◆ **Data below**:
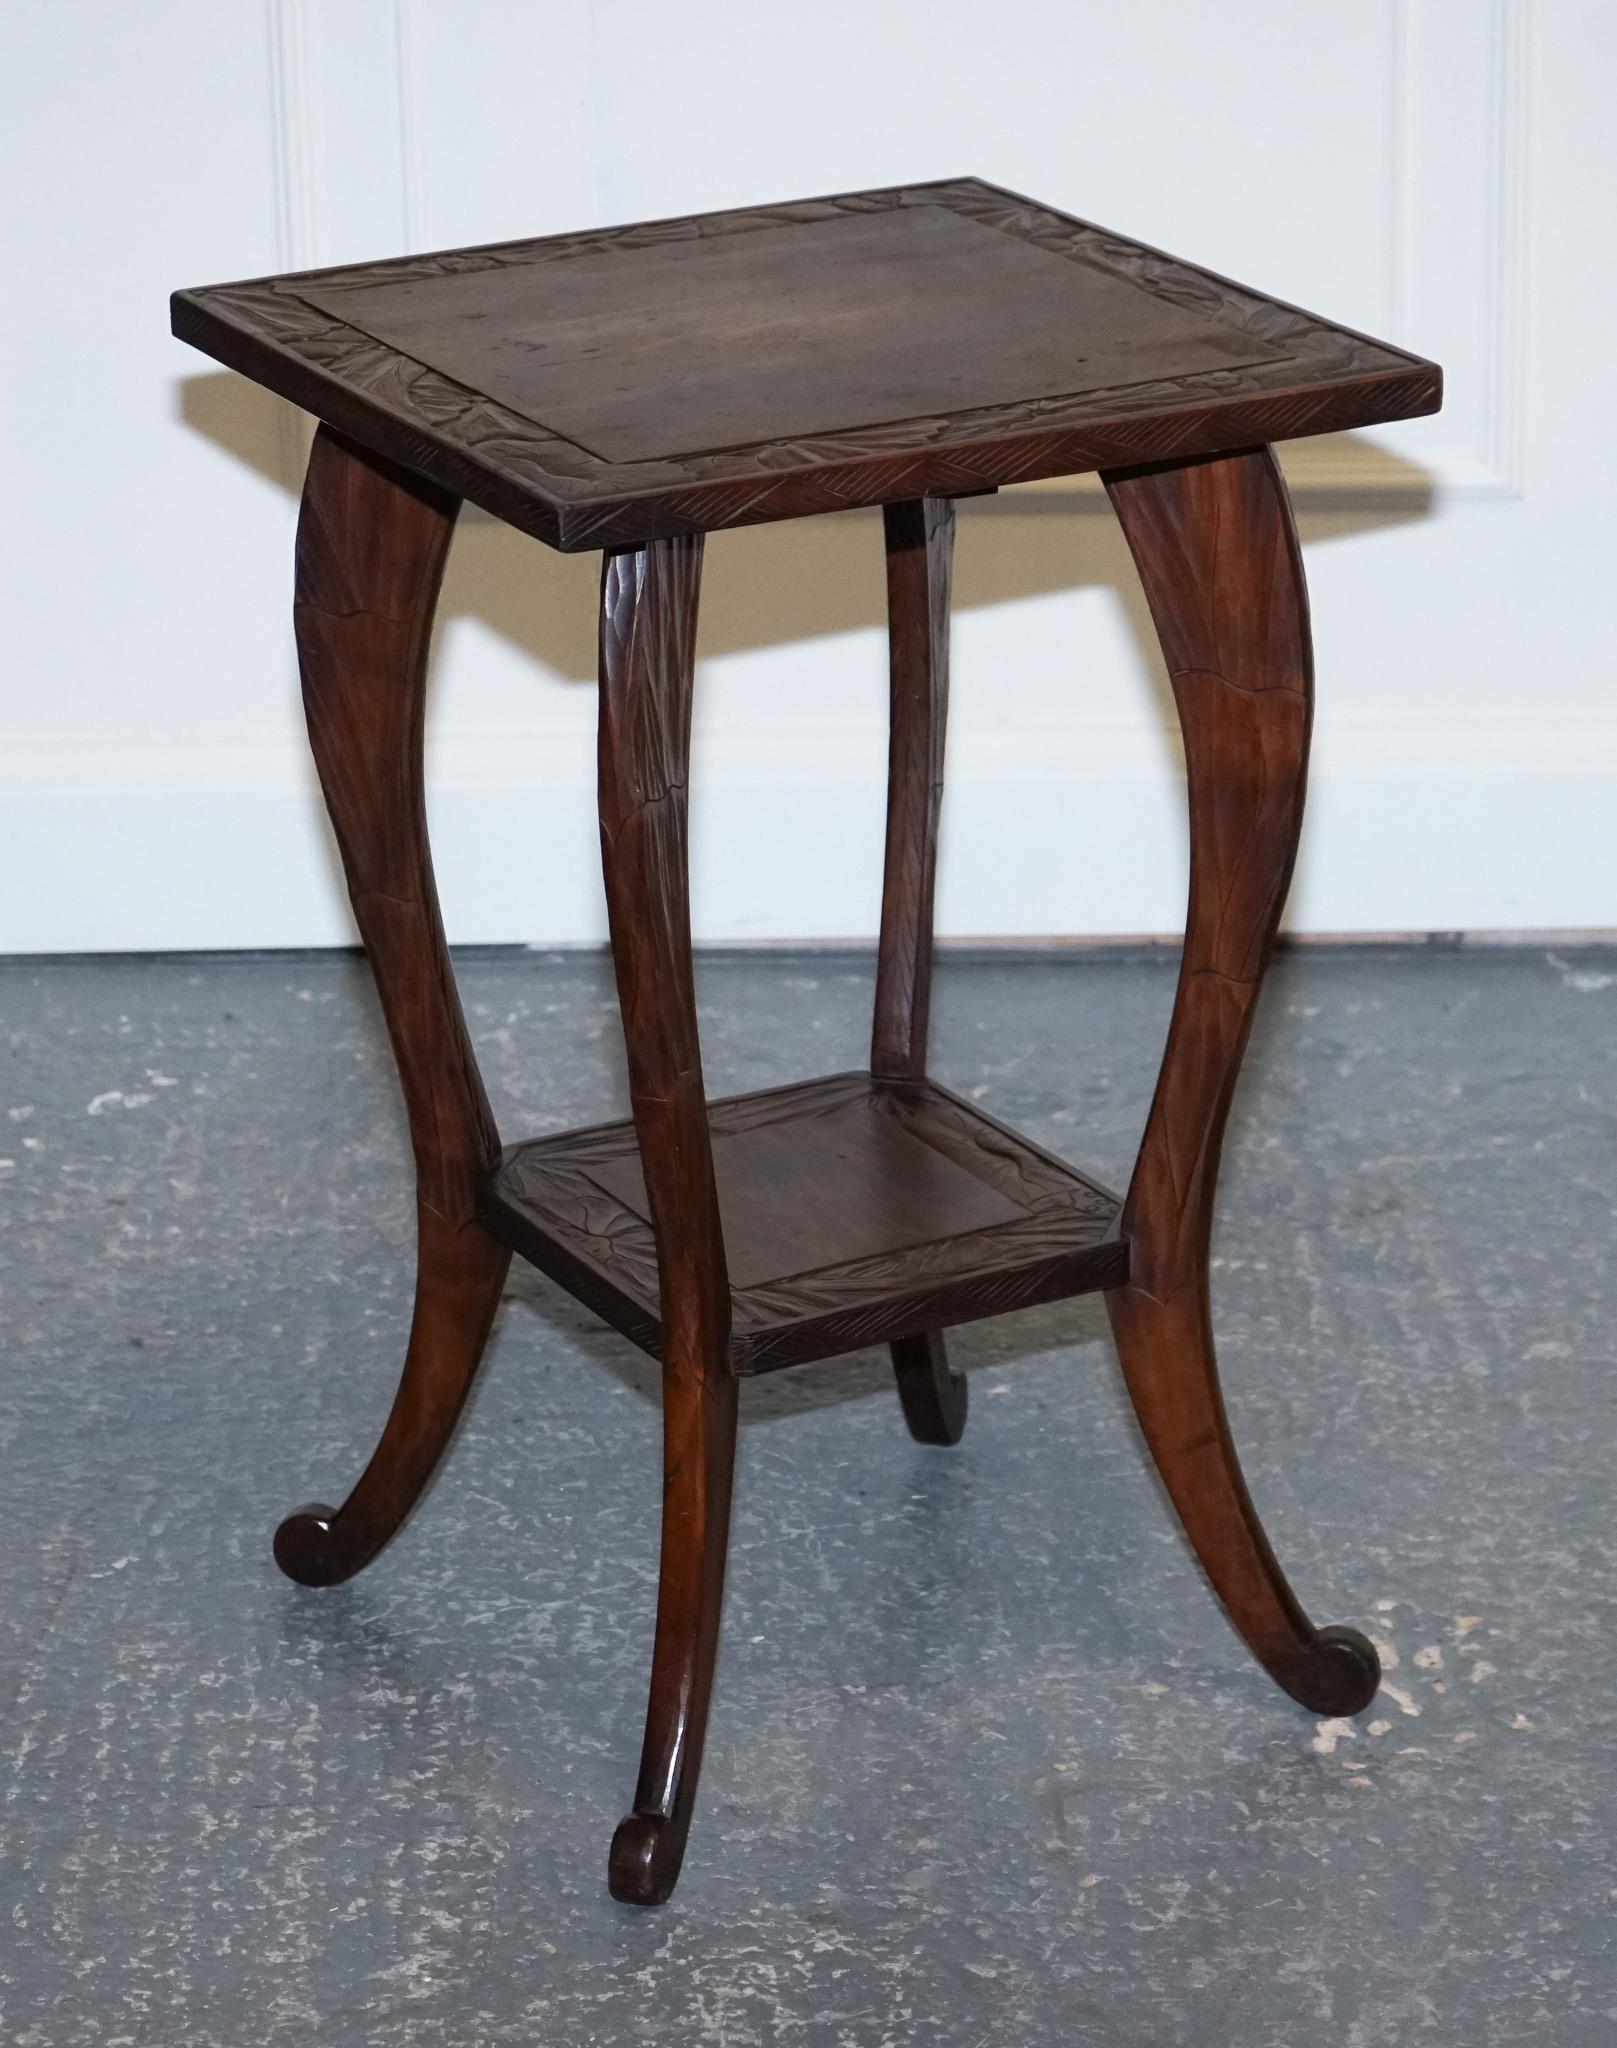 
Wir freuen uns, Ihnen dieses Produkt zum Kauf anbieten zu können  Atemberaubender Eichenholztisch aus den 1950er Jahren von Liberty.

Dieser handgeschnitzte Beistelltisch von Liberty's London aus den 1950er Jahren ist ein wahres Meisterwerk der
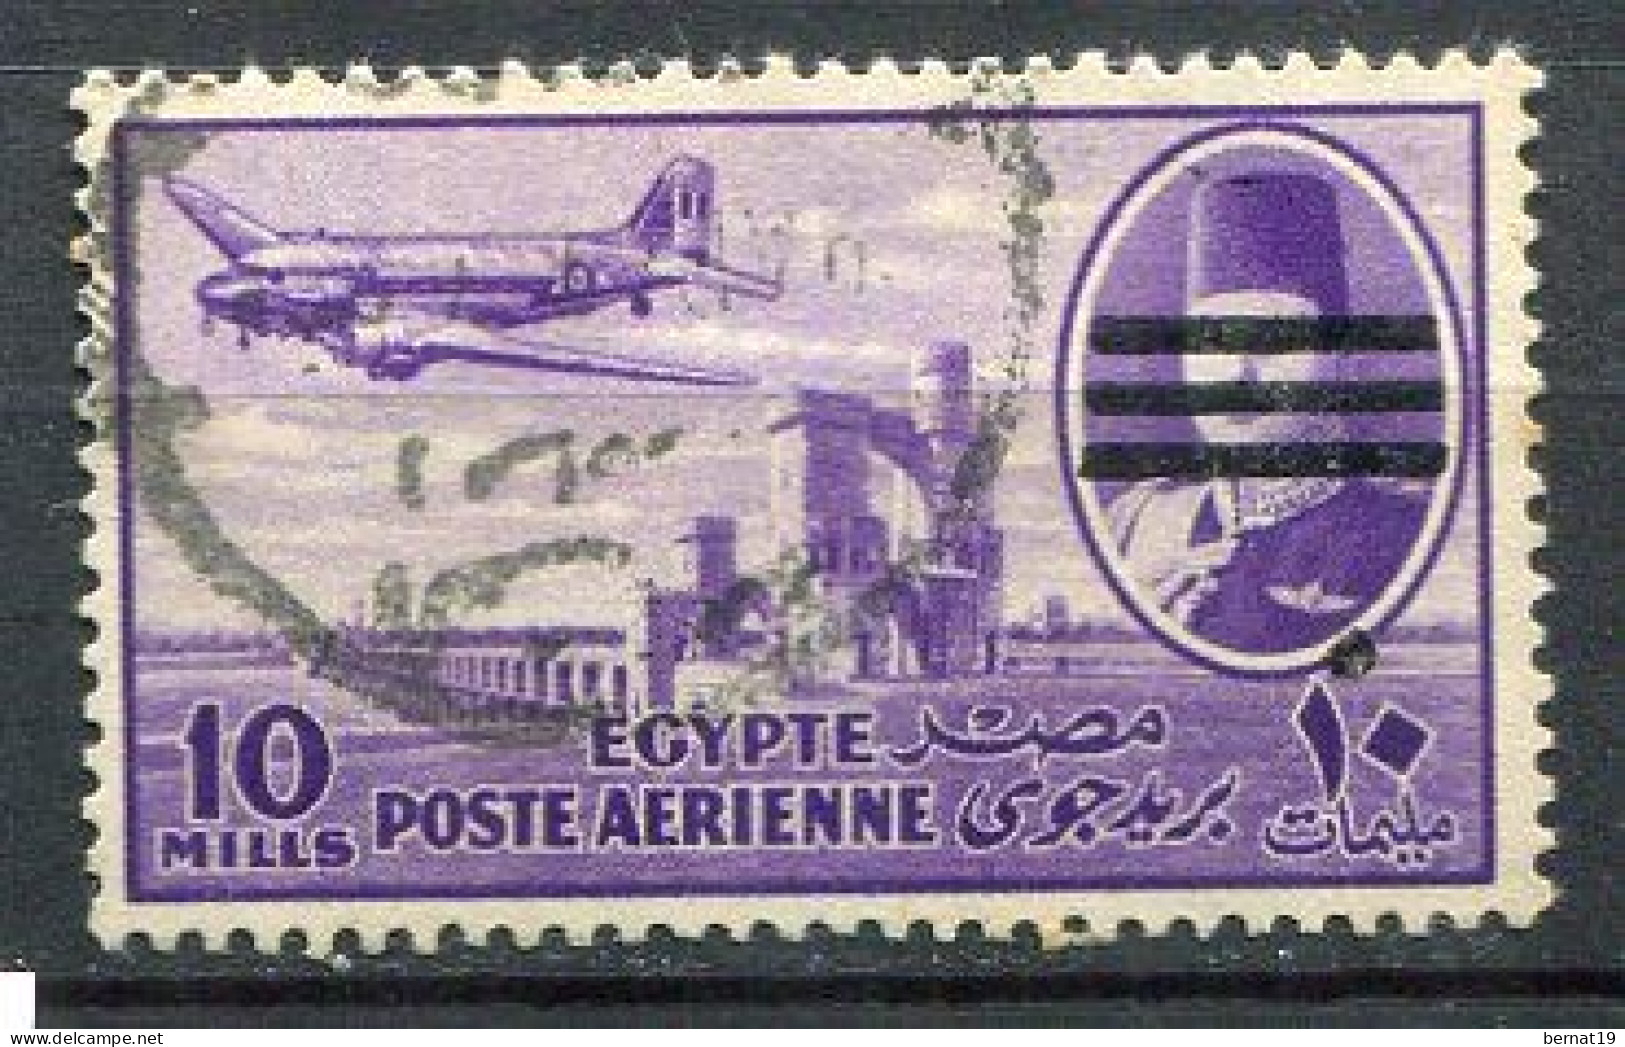 Egipto 1953. Yvert A 62A Usado. - Poste Aérienne
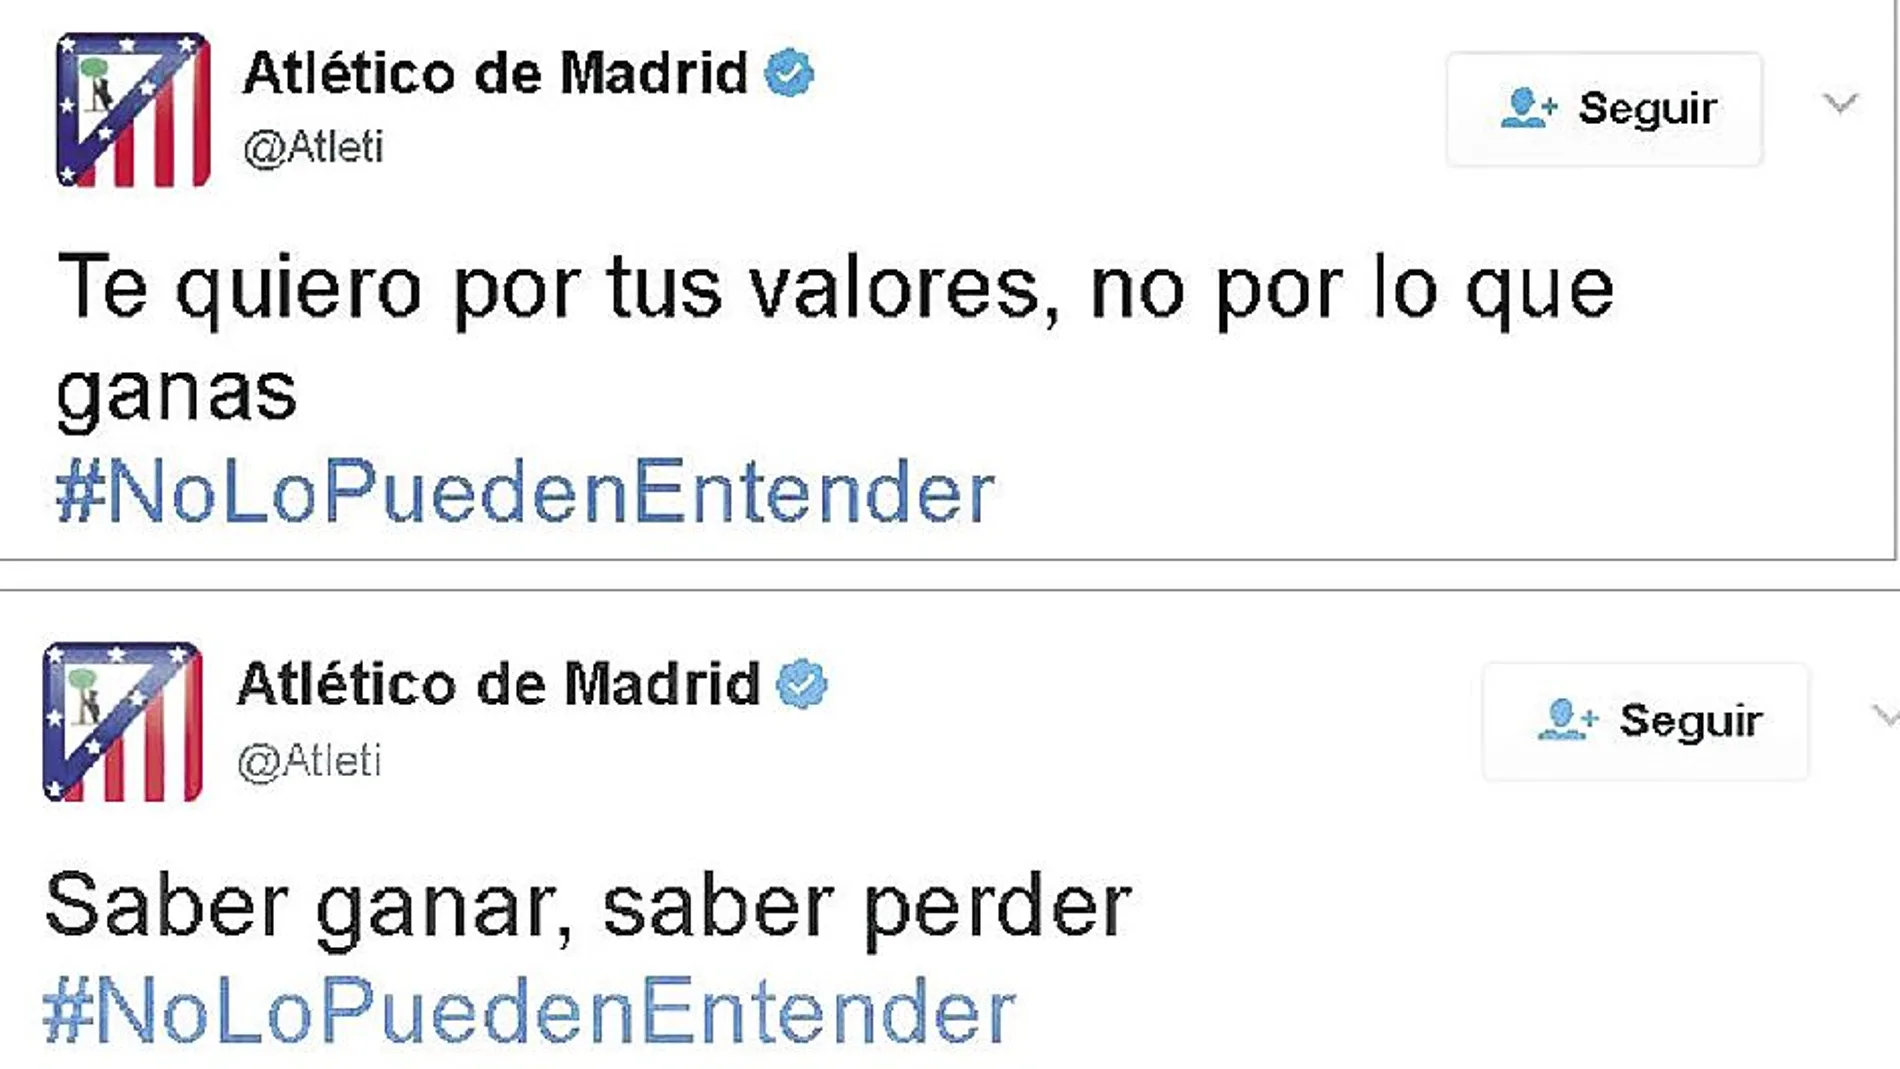 Tuits publicados por la cuenta oficial del Atlético de Madrid

◆ **Problem requirements**: In your copy, include no pictures; print every line above exactly.

◆ **Output of the exercise**:
Wir freuen uns, Ihnen dieses Produkt zum Kauf anbieten zu können  Atemberaubender Eichenholztisch aus den 1950er Jahren von Liberty.

Dieser handgeschnitzte Beistelltisch von Liberty's London aus den 1950er Jahren ist ein wahres Meisterwerk der
 Egipto 1953. Yvert A 62A Usado. - Poste Aérienne
 Tuits publicados por la cuenta oficial del Atlético de Madrid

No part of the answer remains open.